For the depths of the convolutional layers I suggest starting with 32 filters in the first layer, then double that depth as you add layers (to 64, 128, etc.). Note that in the DCGAN paper, they did all the downsampling using only strided convolutional layers with no maxpooling layers.

You'll also want to use batch normalization with [nn.BatchNorm2d](https://pytorch.org/docs/stable/nn.html#batchnorm2d) on each layer **except** the first convolutional layer and final, linear output layer. 

#### Helper `ConvBlock` module 

In general, each layer should look something like convolution > batch norm > leaky ReLU, and so we'll define a **custom torch Module** to put these layers together. This module will create a sequential series of a convolutional + an optional batch norm layer. 

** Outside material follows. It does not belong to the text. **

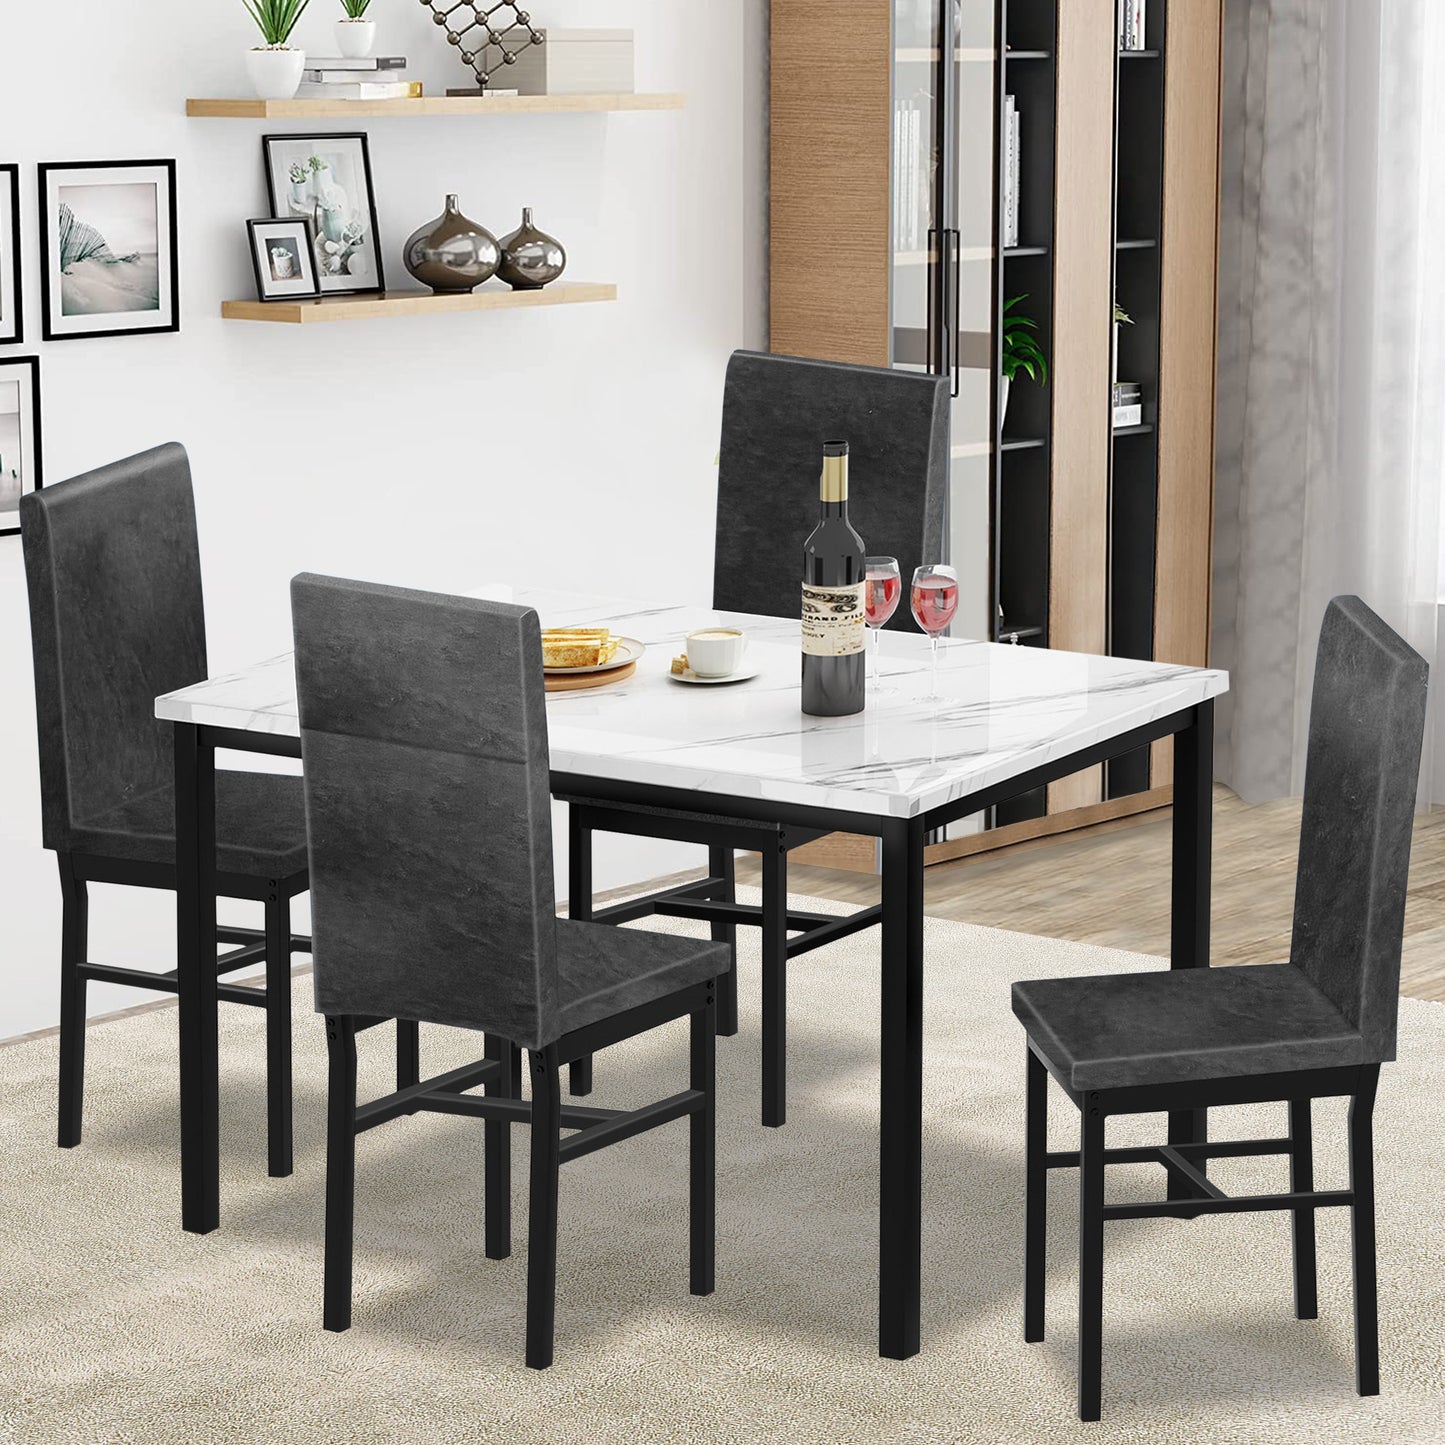 Modern Dining Table Set for 4, SYNGAR Faux Marble Table and PU Leather Upholstered Chairs Set, 5 Piece Kitchen Dining Set, Dining Table and Chairs Set for Small Space, Breakfast Nook, White, D8528

Note: It is also suggested that you use a **kernel_size of 4** and a **stride of 2** for strided convolutions.

### First exercise

Implement the `ConvBlock` module below and use it for your implementation of the `Discriminator` module. Your discriminator should take a 32x32x3 image as input and output a single logit.

In [1]:
import torch
import torch.nn as nn

import tests

In [2]:
class ConvBlock(nn.Module):
    """
    A convolutional block is made of 3 layers: Conv -> BatchNorm -> Activation.
    args:
    - in_channels: number of channels in the input to the conv layer
    - out_channels: number of filters in the conv layer
    - kernel_size: filter dimension of the conv layer
    - batch_norm: whether to use batch norm or not
    """
    def __init__(self, in_channels: int, out_channels: int, kernel_size: int, batch_norm: bool = True):
        super(ConvBlock, self).__init__()
        ####
        # IMPLEMENT HERE
        ####
        if (batch_norm):
            self.model = nn.Sequential(
            nn.Conv2d(in_channels,out_channels,kernel_size = kernel_size,stride = 2),
            nn.BatchNorm2d(out_channels),
            nn.LeakyReLU(inplace = True)
            )
        else:
            self.model = nn.Sequential(
            nn.Conv2d(in_channels,out_channels,kernel_size = kernel_size),
            nn.LeakyReLU(inplace = True)
            )
            
        
    def forward(self, x: torch.Tensor) -> torch.Tensor:
        ####
        # IMPLEMENT HERE
        ####
        x = self.model(x)
        return x

In [3]:
class Discriminator(nn.Module):
    """
    The discriminator model adapted from the DCGAN paper. It should only contains a few layers.
    args:
    - conv_dim: control the number of filters
    """
    def __init__(self, conv_dim: int):
        super(Discriminator, self).__init__()
        ####
        # IMPLEMENT HERE
        self.model = nn.Sequential(
            ConvBlock(3,32,4,False),
            ConvBlock(32,64,3),
            ConvBlock(64,128,4),
            ConvBlock(128,256,4),
            nn.Flatten(),
            nn.Linear(1024,1),
            nn.Sigmoid()
            
        )
        
        ####

    def forward(self, x):
        ####
        # IMPLEMENT HERE
        ####      
        x = self.model(x)
        return x

In [4]:
discriminator = Discriminator(64)
print(discriminator)

Discriminator(
  (model): Sequential(
    (0): ConvBlock(
      (model): Sequential(
        (0): Conv2d(3, 32, kernel_size=(4, 4), stride=(1, 1))
        (1): LeakyReLU(negative_slope=0.01, inplace=True)
      )
    )
    (1): ConvBlock(
      (model): Sequential(
        (0): Conv2d(32, 64, kernel_size=(3, 3), stride=(2, 2))
        (1): BatchNorm2d(64, eps=1e-05, momentum=0.1, affine=True, track_running_stats=True)
        (2): LeakyReLU(negative_slope=0.01, inplace=True)
      )
    )
    (2): ConvBlock(
      (model): Sequential(
        (0): Conv2d(64, 128, kernel_size=(4, 4), stride=(2, 2))
        (1): BatchNorm2d(128, eps=1e-05, momentum=0.1, affine=True, track_running_stats=True)
        (2): LeakyReLU(negative_slope=0.01, inplace=True)
      )
    )
    (3): ConvBlock(
      (model): Sequential(
        (0): Conv2d(128, 256, kernel_size=(4, 4), stride=(2, 2))
        (1): BatchNorm2d(256, eps=1e-05, momentum=0.1, affine=True, track_running_stats=True)
        (2): LeakyReLU(

In [5]:
tests.check_discriminator(discriminator)

Congrats, you successfully implemented your discriminator


## Generator

Next, you'll build the generator network. The input will be our noise vector `z`, as before. And, the output will be a $tanh$ output, but this time with size 32x32 which is the size of our CIFAR10 images.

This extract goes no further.